Я стремглав мчался к огромной свалке хлама. Пути, лежавшие через горы мусора, были мне прекрасно знакомы, а вот для девочки эти места были чужими — она была с другой стороны реки. Это делало ее осторожной. Полкилометра от ее территории, и она могла бы попасть на Равнинные земли.

Я добрался до склада у доков. Здесь всюду торчали кольца и стальные швартовочные тумбы, вделанные в бетон, которые использовались, когда под разгрузку приходили узкие лодки. Сами доки были заброшены и полны ила; в воздухе висел запах соли и разложения. Стены склада, размером превышающего три городских дома, были сколочены из досок, теперь уже сгнивших, и их поддерживали мешки с песком. Я быстро как никогда постучал особым образом в дверь, встроенную в большие раздвижные ворота, и тут вновь появилась девчонка, но теперь ее золотистые волосы были здорово испачканы грязью.

Я скользнул в помещение, захлопнул дверь и, задыхаясь, прислонился к ней. Наконечник арбалетной стрелы в щепки раскрошил древесину над моим плечом. Я рывком открыл дверь и в пяти метрах от себя увидел девчонку. Она замешкалась, заряжая свое оружие, а я расстегнул пуговицы на рубашке и распахнул ее, на мгновение позволив дурехе насладиться видом прекрасной обнаженной груди. Затем я снова захлопнул дверь и задвинул нижний и верхний засовы.

Где-то в глубине помещения раздался тонкий смешок. Мое прибытие пробудило что-то к жизни.

— Ты опоздал, козлина, — прохрипел слабый голос.
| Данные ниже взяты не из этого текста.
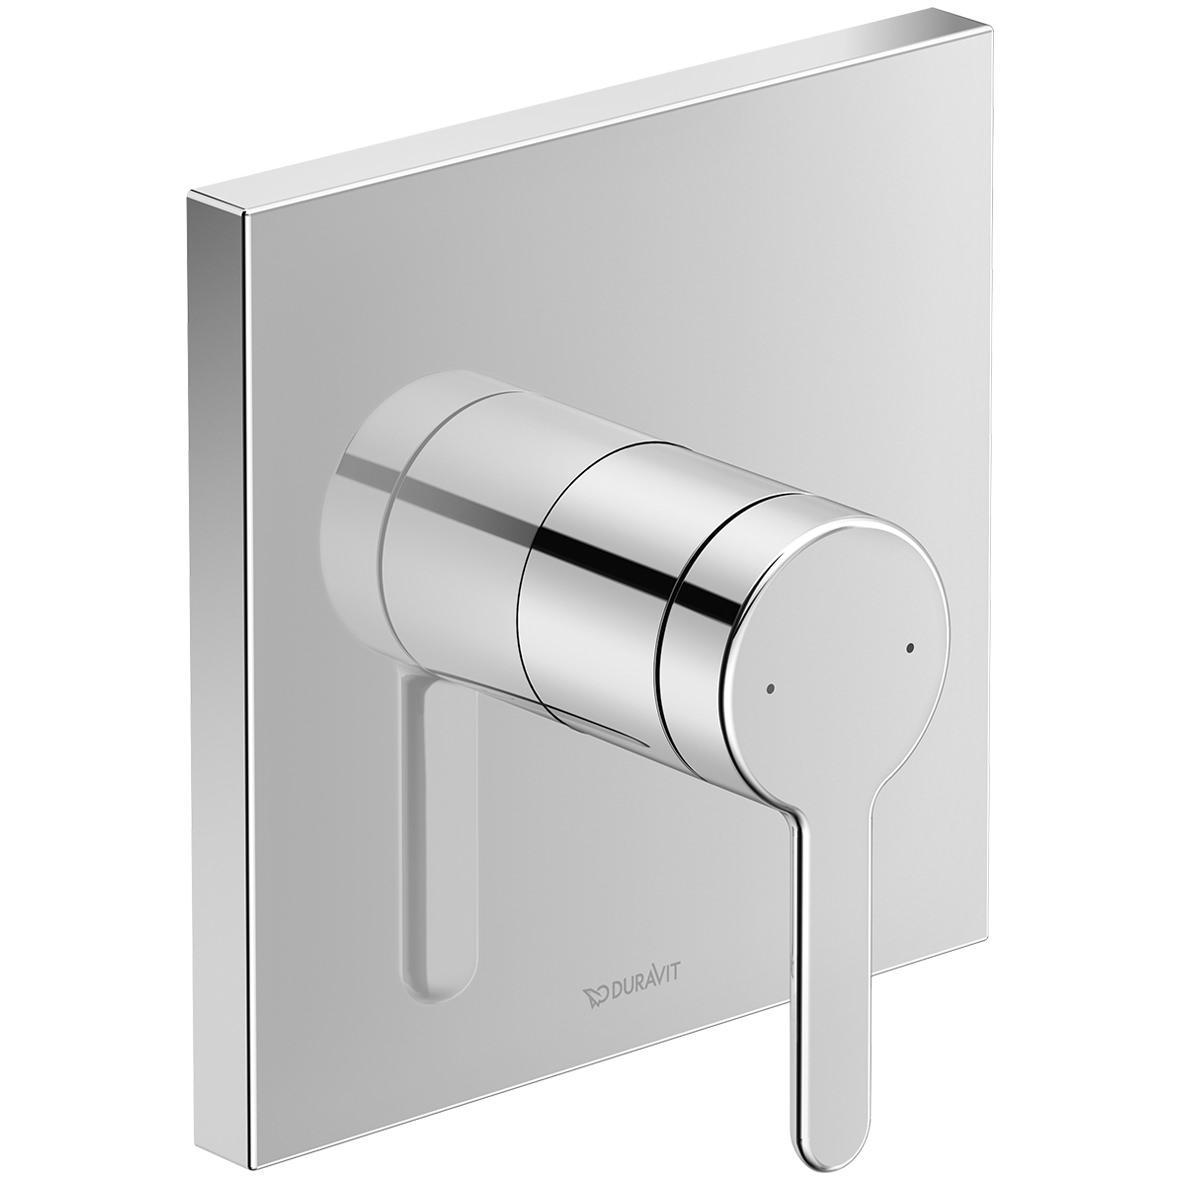 Duravit C 1 Square Concealed Manual Shower Mixer Valve C14210009010

В Дарклинге все было однозначно. Жизнь в горах отличалась простотой — я рано ложился спать и все время был голоден. Каждый день был таким же, как и предыдущий, просто иногда у нас выдавалось больше бурь и сокращалось количество еды. А вот город Хасилит обернут тканью сложностей, будто плащом. Во мне теперь, подобно въевшейся грязи, была какая-то частица этого города. Хасилит поддерживал жизнедеятельность людей, которые ни за что не выжили бы в Дарклинге, — таких, к примеру, как Фелисития.

— Мне пришлось ждать до рассвета, — вздохнул я, осторожно двигаясь в сторону источника слабого света. Сильный дождь стучал по дырявой крыше.

— Стал плохо видеть в темноте?

— Нет.

Фелисития Авер-Фальконе лежал на полуразвалившемся диване у низкого стола. Притулившиеся у дальней стены гигантского помещения с просевшим земляным полом, эти два предмета составляли всю его меблировку. Авер-Фальконе читал при свете свечи, прилепленной к столу собственным воском.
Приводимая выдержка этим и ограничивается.